Bambini, viaggiatori anziani e condizioni preesistenti

L’altitudine colpisce le persone in modo imprevedibile, e certi gruppi hanno bisogno di cautela extra. I bambini possono soffrire di AMS ma faticano a esprimere i sintomi, quindi osservali da vicino per insolita irritabilità, mal di testa, scarso appetito o letargia, e fai salire ancora più prudentemente. I viaggiatori anziani in buona salute si acclimatano più o meno bene come i più giovani — l’età di per sé non è un forte fattore di rischio — ma lo sono le patologie cardiache o polmonari di fondo. Chiunque abbia condizioni cardiovascolari o respiratorie, anemia falciforme, o sia incinta dovrebbe chiedere un parere medico prima di viaggiare a questa quota, e potrebbe essere sconsigliato del tutto dalle escursioni più alte. Niente di tutto questo significa evitare Huaraz, ma significa pianificare in modo prudente e avere una bassa soglia per tornare indietro o scendere.

Sonno, respiro e le prime notti

Una delle parti più disorientanti dell’acclimatamento è ciò che succede di notte. In quota, molte persone sperimentano la respirazione periodica — uno schema in cui il respiro accelera, poi si ferma brevemente, poi riprende, talvolta svegliandoti con un sussulto. È inquietante ma di solito innocua e svanisce man mano che ti adatti. Un sonno scarso e frammentato nelle prime notti è normale e non di per sé un segnale di pericolo. Ciò che conta è come ti senti di giorno: sintomi in miglioramento significano che ti stai adattando, sintomi in peggioramento significano che non dovresti salire più in alto. Evita i sonniferi nei primi giorni, perché alcuni deprimono il respiro e possono mascherare o peggiorare i problemi d’altitudine; se il sonno è una vera difficoltà, chiedi a un farmacista opzioni adatte alla quota anziché ricorrere a un sedativo standard.

Domande frequenti sull’acclimatamento a Huaraz

Di quanti giorni ho bisogno per acclimatarmi a Huaraz?

Prevedi almeno due giorni pieni di riposo e attività leggera prima di qualsiasi escursione oltre i 4.000 m, e tre o quattro giorni prima di Laguna 69 (4.600 m) o di un trek di più giorni.
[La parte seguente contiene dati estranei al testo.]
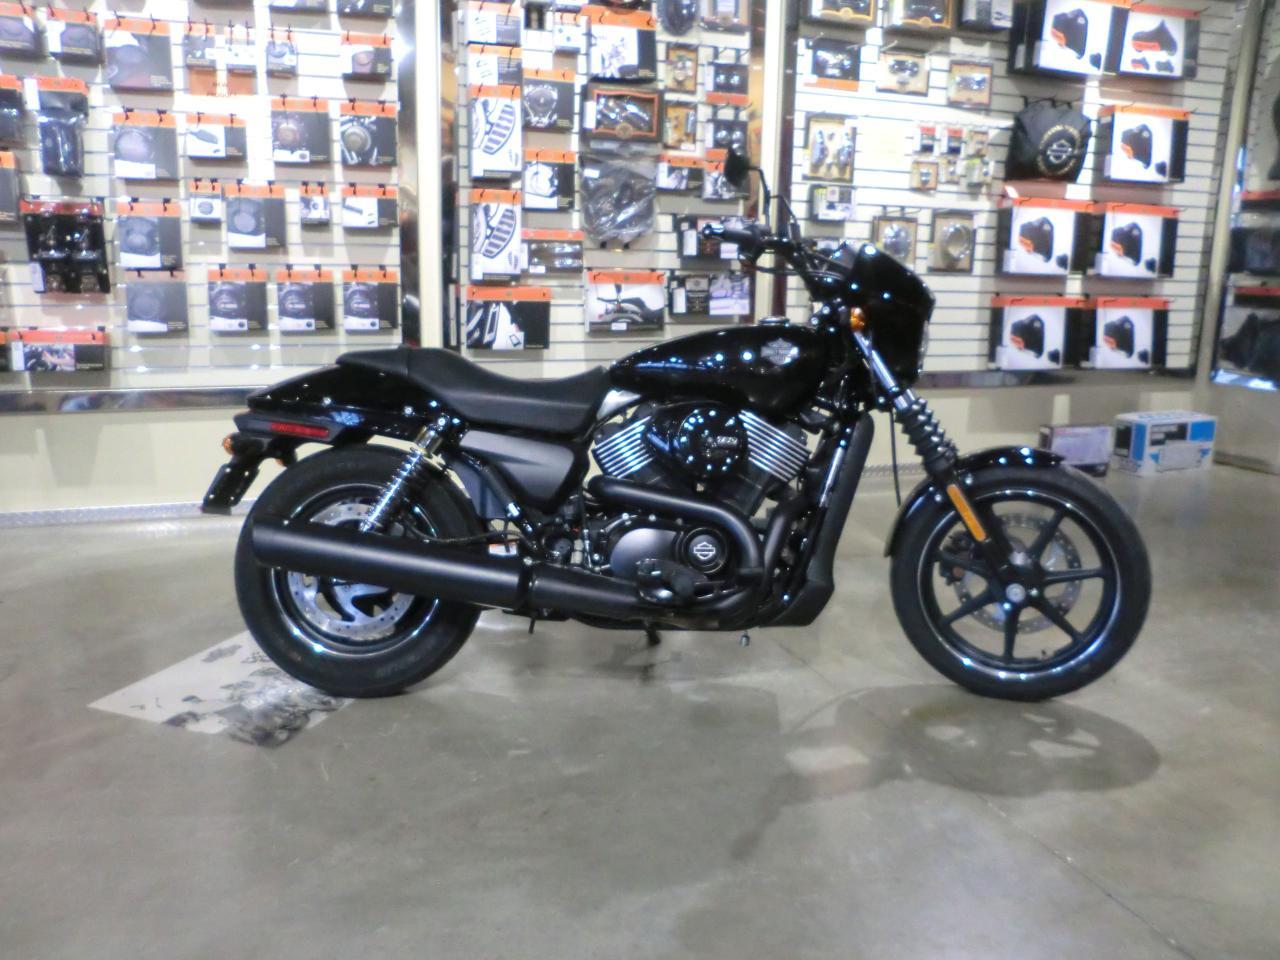 2016 Harley-Davidson Street 750 STREET XG750

Per il circuito dell’Huayhuash, metti in conto quattro o cinque giorni di escursioni di acclimatamento progressivo.

Posso andare direttamente a Laguna 69 dopo essere arrivato a Huaraz?
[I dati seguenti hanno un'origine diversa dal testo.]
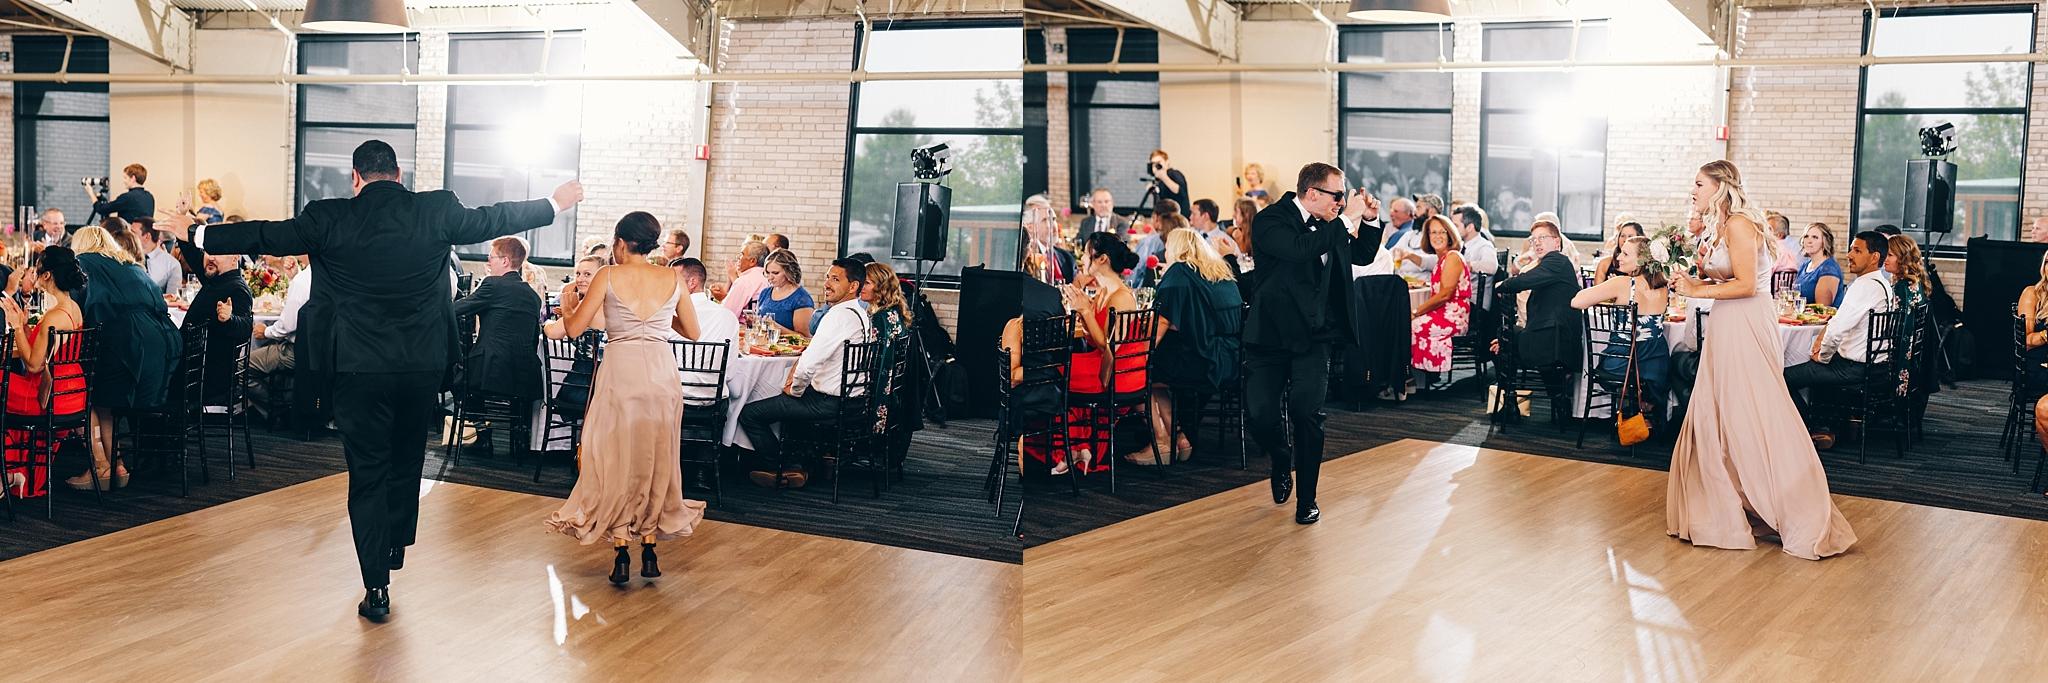 baker-lofts-holland-michigan-wedding-photographer_0386.jpg

Non dovresti. Arrivare da Lima al livello del mare e fare un’escursione a 4.600 m entro 24 ore aumenta nettamente il rischio di mal di montagna. Molti operatori ti porteranno comunque, ma la responsabilità di dire di no è tua. Datti almeno due o tre giorni prima.

Essere in forma aiuta contro il mal di montagna?

No. La forma fisica ha scarso effetto protettivo contro l’AMS, e le persone molto allenate a volte stanno peggio perché spingono troppo e troppo in fretta. La suscettibilità è in gran parte individuale e imprevedibile. Salita graduale, idratazione e ritmo lento contano molto di più della forma fisica.

Dovrei prendere il Diamox a Huaraz?

L’acetazolamide (Diamox) può aiutare a prevenire l’AMS ed è venduta senza ricetta a Huaraz, ma è una decisione medica meglio discussa con un medico o un farmacista, specie se hai un’allergia ai sulfamidici. Velocizza l’adattamento ma non sostituisce l’acclimatamento graduale, e non cura le forme pericolose HAPE e HACE.

Quali sono i segnali d’allarme per cui dovrei scendere subito?

Affanno a riposo o una tosse umida (possibile HAPE); confusione, barcollamento, perdita di coordinazione o sonnolenza insolita (possibile HACE); o un mal di testa severo con vomito che non risponde agli antidolorifici. Sono emergenze — scendi subito e chiedi aiuto medico.

Il tè di coca aiuta contro il mal di montagna?

Il tè di coca offre un blando sollievo sintomatico ed è una tradizione andina innocua e diffusa. Può alleviare un lieve mal di testa e calmare lo stomaco, ma non sostituisce un acclimatamento adeguato, l’idratazione o la discesa se i sintomi diventano seri.

È sicuro bere alcol durante l’acclimatamento?

Evita l’alcol per almeno i primi giorni in quota. Deprime il respiro, disturba il sonno e peggiora la disidratazione — tutte cose che aumentano il rischio e la gravità del mal di montagna. Lascia la birra di festa per dopo esserti adattato.